Secondo quanto riportato in una revisione delle indicazioni sulla sorveglianza sanitaria, riservata per gli operatori sanitari, datata 23 marzo 2020, le strutture sono state chiamate ad attuare procedure per l’individuazione de rischio di contagio da Sars-Cov-2. Tuttavia al personale sanitario risultato a contatto con persona positiva al covid -19, viene riservato un periodo di controllo fiduciario nella propria abitazione, con rilevazione quotidiana della temperatura corporea senza però esonero dal posto di lavoro, fatto salvo nei casi in cui al sospetto ci si aggiunga la comparsa della sintomatologia. La discriminante per l’esecuzione del test molecolare è il livello di rischio attribuito all’operatore sanitario sospetto di positività; il fine è quello di garantire la continuità assistenziale.

Ma chi tutela la salute degli operatori?

Nei primi mesi di pandemia, infatti, sono poche le strutture sanitarie che hanno garantito un controllo cadenzato ai sanitari attraverso l'ormai noto test molecolare, lasciando spesso questi ultimi in balia degli eventi. E se è vero che esiste il timore per chi lavora nelle unità operative convertite in degenze covid di portare il virus a casa, è altrettanto probabile il rischio aumentato di portare il virus all'interno di strutture che dovrebbero garantire protezione ai pazienti più fragili da parte degli operatori stessi; come per esempio le strutture oncologiche oppure le RSA.

La nota regionale

Con una nota della regione Lazio, firmata dai dirigenti dell’area “Rete Ospedaliera e Specialistica” e “Promozione della Salute e Prevenzione” indirizzata ai direttori generali delle strutture sanitarie regionali e agli IRCCS, si invitano le aziende sanitarie, con l'ausilio dell'RSPP e del medico del lavoro,  alla messa in atto di protocolli che prevedano l'esecuzione in primo luogo di test antigienici a beneficio degli operatori, con cadenza indicativamente quindicinale e qualora vi sia riscontrata positività, a procedere con il test molecolare.
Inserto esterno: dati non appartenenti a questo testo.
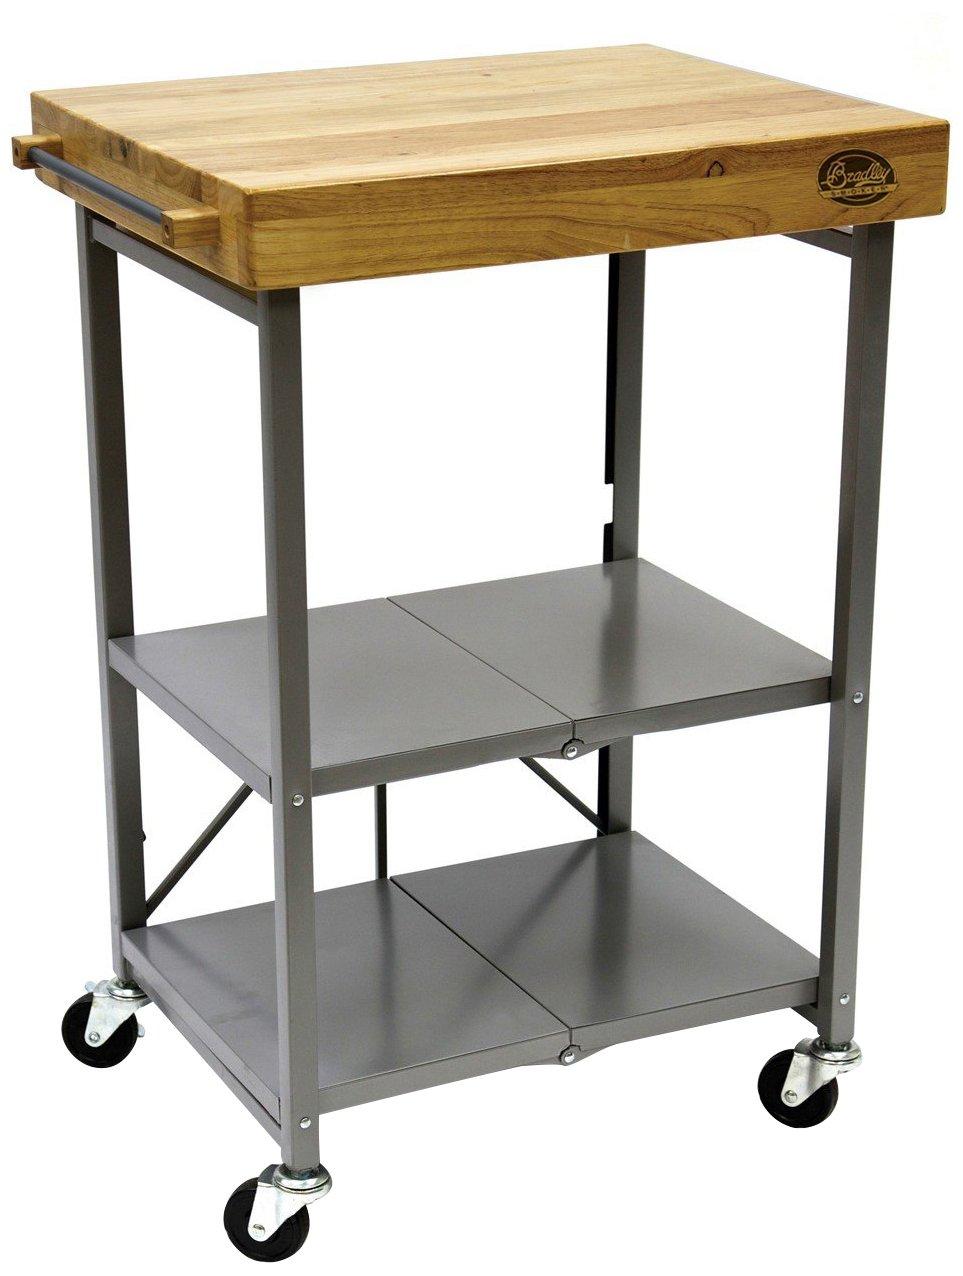 Bradley Smoker Foldable Kitchen Cart, Transitional

Un passo avanti verso una maggiore tutela della salute del professionista sanitario da parte delle istituzioni ponendosi in maniera proattiva verso l'individuazione di eventuali focolai all'interno delle strutture sanitarie, piuttosto che con atteggiamento remissivo, come lasciato intendere nei mesi scorsi, quando la tendenza era evitare carenze d'organico generate dal virus.

Nursind da subito si è battuto affinché l'infermiere venisse messo in condizione di lavorare in sicurezza, ed ora che un primo traguardo è stato raggiunto ci si augura che nel più breve tempo possibile, quanto disposto, venga adottato dalle strutture presenti sul territorio.